There are some events which, in Bagehot’s phrase, ‘rivet’ the world, both in his sense of binding us together and in the more modern usage of being utterly fascinating; 9/11 is the most obvious example. Other, slightly lesser occasions include the release of Nelson Mandela and the Royal Wedding. These become the milestones of our lives, an experience shared with people in every corner of the globe. The notion that the BBC should have cut corners in order to save the cost of about ten minutes of peak-time drama is ridiculous. The coverage was superb — far better than the other channels — and it illustrated once again how fortunate we are in this country to have a BBC at all.
Of course, the greatest of all world television occasions was the moon landing of 1969. People still talk about Neil Armstrong’s flub: ‘one small step for man’ instead of ‘a man’. At the time, the landing, and the fact that we could see it live, if in grainy black-and-white, seemed astounding, world-changing. I recall an otherwise sane friend saying that it would mean the end of all war, since earthly rivalries would seem terminally trivial. Now, more than two decades after the last man walked on the moon, going there seems as dated as flared trousers and Slade records.

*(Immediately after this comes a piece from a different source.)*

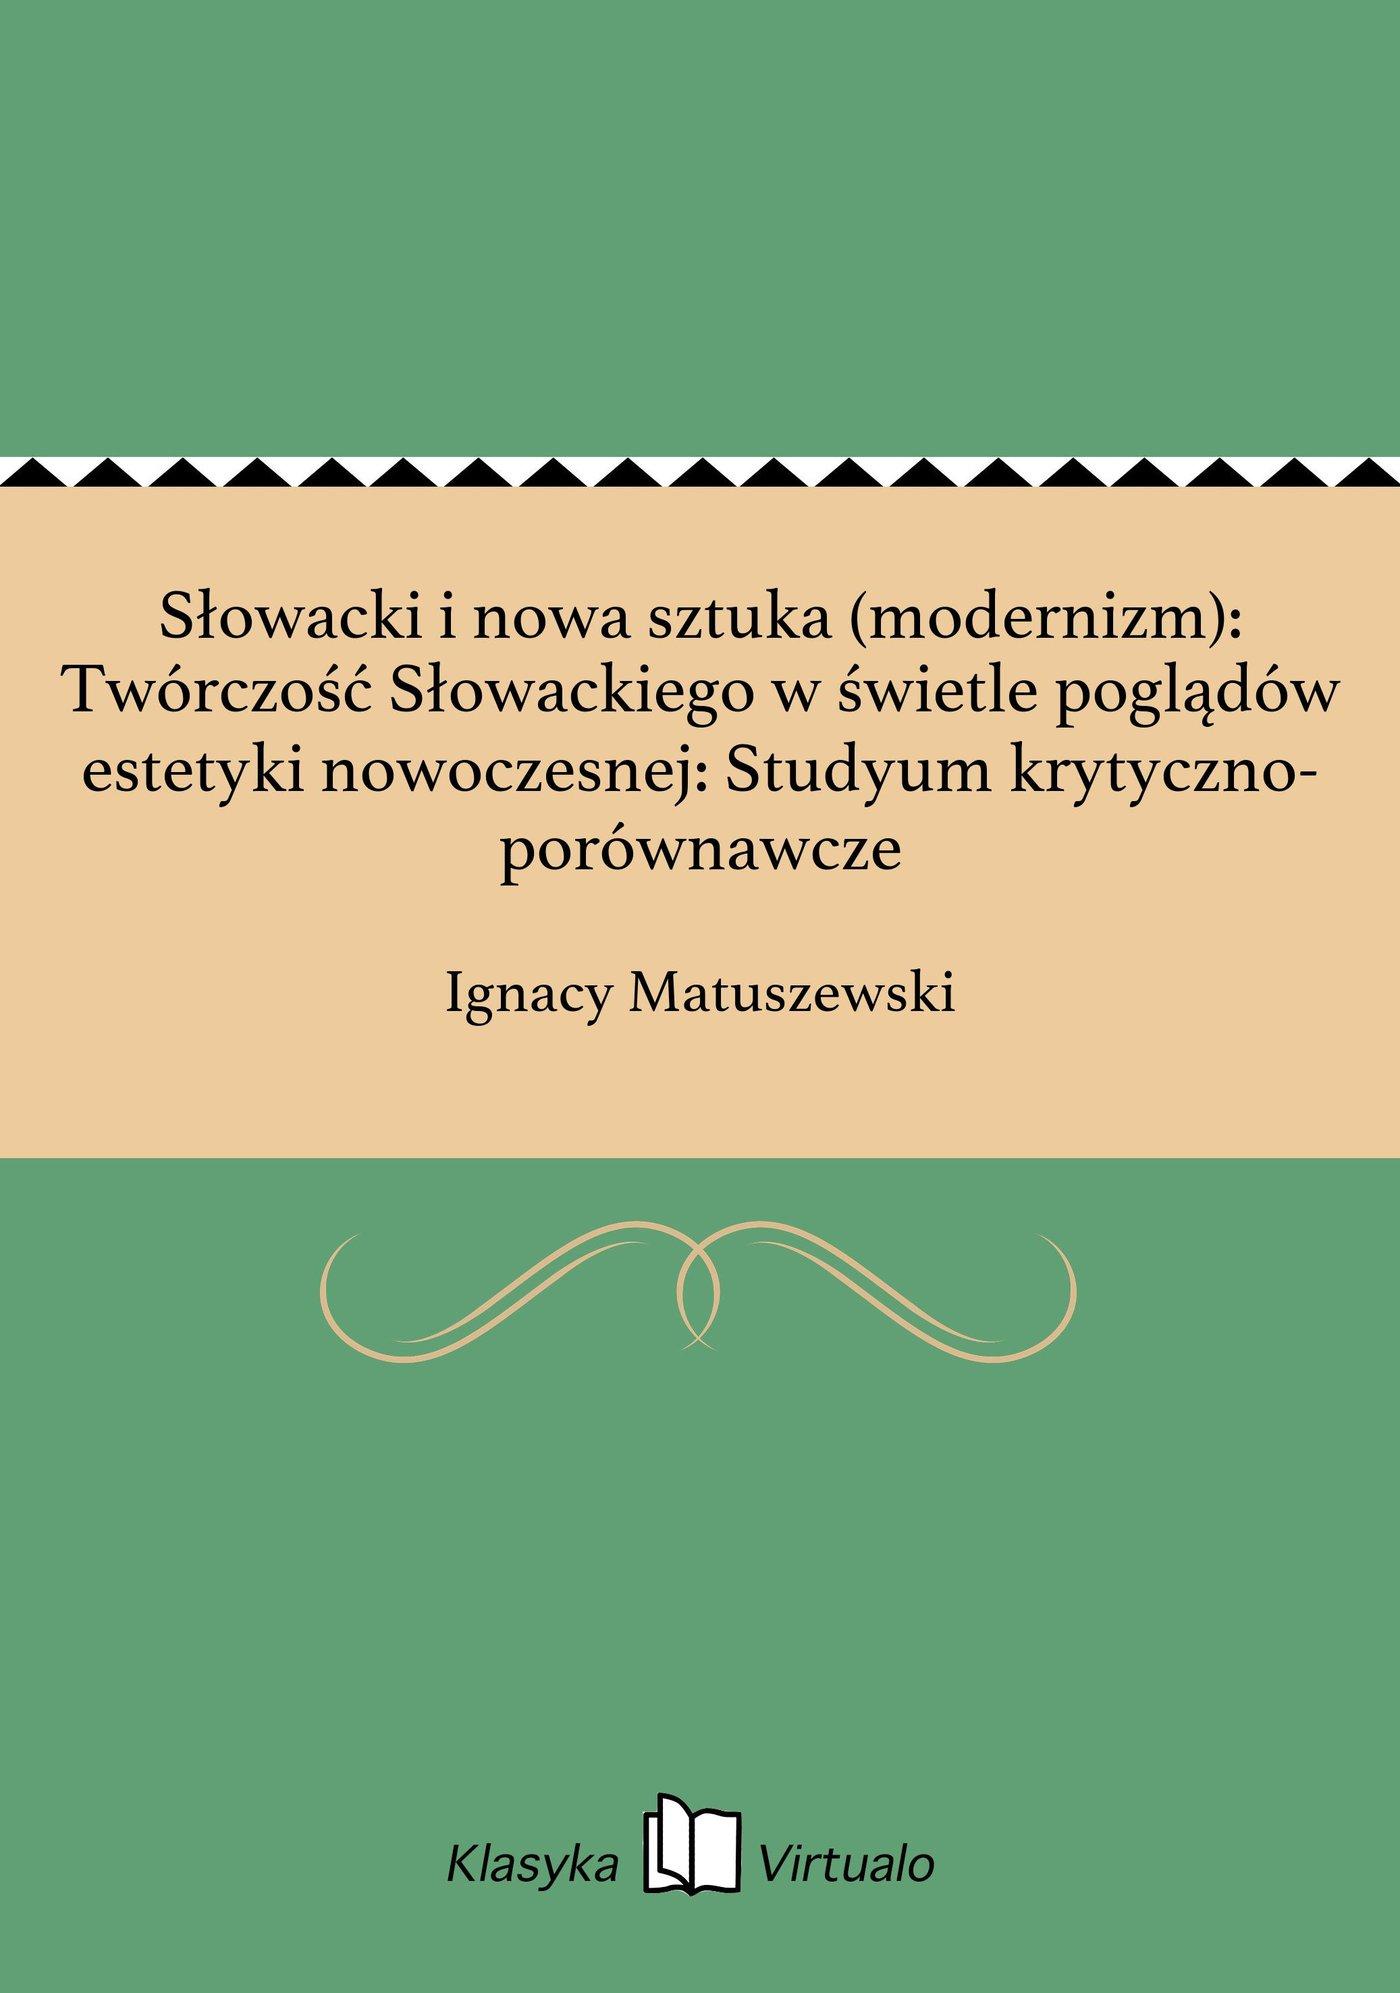 Słowacki i nowa sztuka (modernizm): Twórczość Słowackiego w świetle poglądów estetyki nowoczesnej: Studyum krytyczno-porównawcze - Ebook (Książka EPUB) do pobrania w formacie EPUB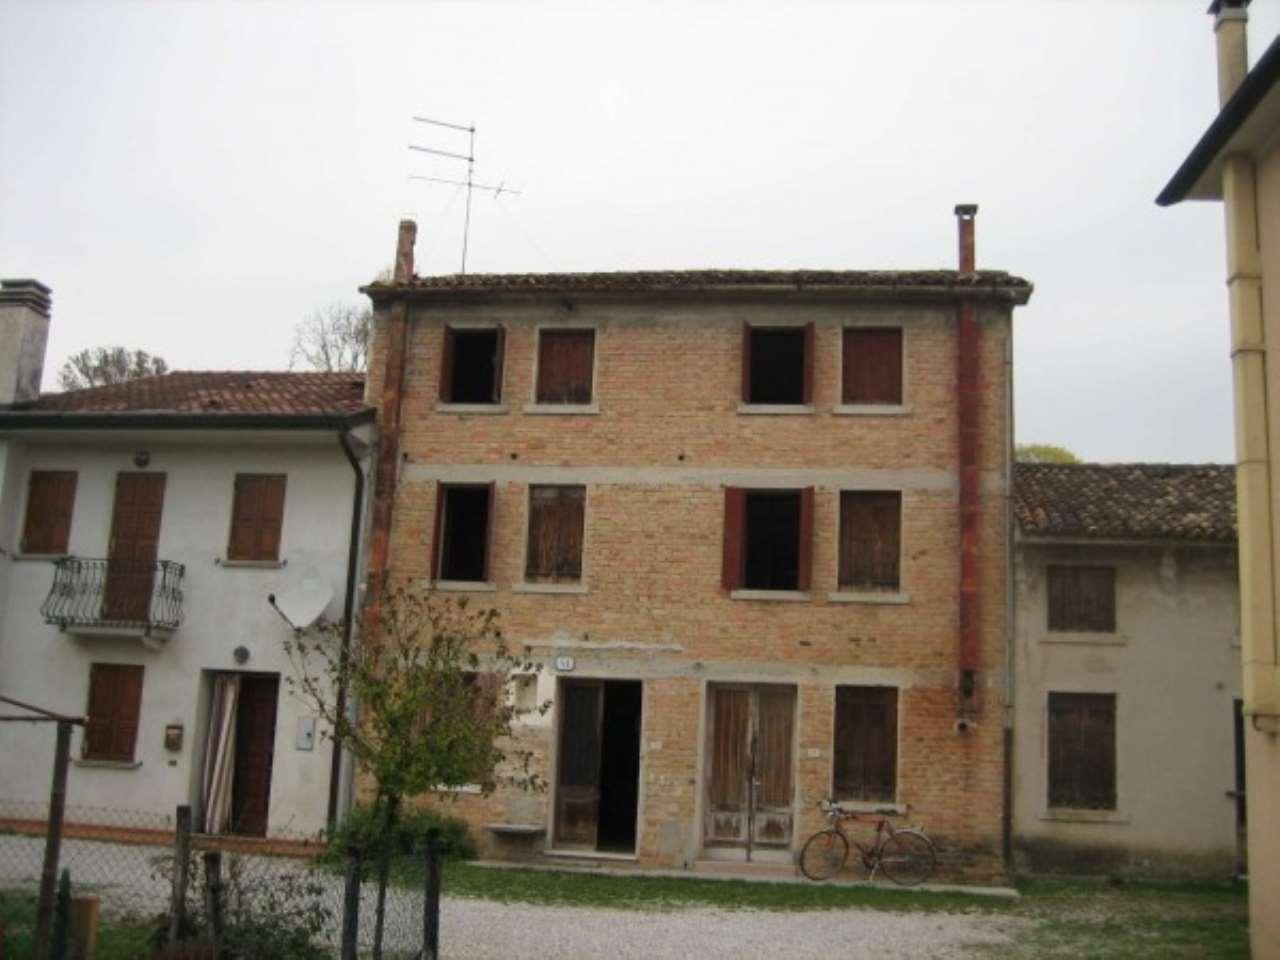 Soluzione Indipendente in vendita a Cordignano, 9999 locali, prezzo € 45.000 | CambioCasa.it

For that reason, the landing was an apt frame for the adaptation of H.G. Wells’s The First Men in the Moon (Tuesday, BBC4) in which a small boy meets an old man at a fair who claims that he visited the moon back in Edward VII’s day.
In the glory days of science fiction all you needed for space travel was a magic anti-gravity material, a box shaped like a bathing hut, and a sturdy tweed suit. (By comparison with Wells’s yarn the average Jules Verne yarn could have served as a Nasa handbook.) The First Men was a great influence on C.S. Lewis — it was meant to be a satire on war and imperialism, though this was missing from the TV show — and also a template for all those Star Trek episodes in which the crew land on planets where the atmosphere is the same as Earth’s and the inhabitants conveniently speak English. The excellent Rory Kinnear was the clean-cut dodgy businessman who gets involved with Mark Gatiss’s potty professor. The various layers of nostalgia – small boy in flannel shorts watches real moon landing, country pubs in which serving wenches say things like ‘Lunnon? I don’t hold with the place’, the evocation of early Doctor Who episodes — were nicely bound together into a package that probably meant more to people my age than to the children at whom I assume it was aimed.
There was more nostalgia in High Society Brides (BBC2, Wednesday), part of the Wonderland series. This followed the lives and fortunes of half a dozen of the ‘girls in pearls’ who still appear on the Country Life equivalent of Page 3. But with more clothes on. It took place in a world that still exists, but only in small pockets, like rare mammals living in a corner of the rain forest. The heir to the Duchy of Bedford hoped to marry Henrietta Tiarks, known as the most beautiful woman in England, but warned her that if she took a part in a film, ‘I could never be your husband.’ Men who planned their marriages thus: ‘She was my choice, and I thought, “There’s no point in fannying around, get on with it!”’ The sad story of the Hon. Catherine Sackville-West, unable to get out of a wedding to a man she didn’t love ‘because the juggernaut was rolling’. On the nuptial night they slept in separate rooms. Some of the gels were now in what used to be called ‘reduced circumstances’ but the programme never gloated. It was a sympathetic look at people whose lives straddled two structures of society, and who found it hard to be entirely at home in either.
Horizon: Is Seeing Believing? (BBC2, Monday) demonstrated how all our senses — sight, hearing, touch, etc. — are linked and can even substitute for each other, such as the young blind man who ‘sees’ with clicking noises, like a human bat. It also demonstrated how our senses tell us what we expect to be told. Sight fails when presented with something it has never formerly seen. I was reminded of politicians, who rarely lie, but who construct a world from what they want to experience, selecting only the facts and statistics that reinforce their view of reality.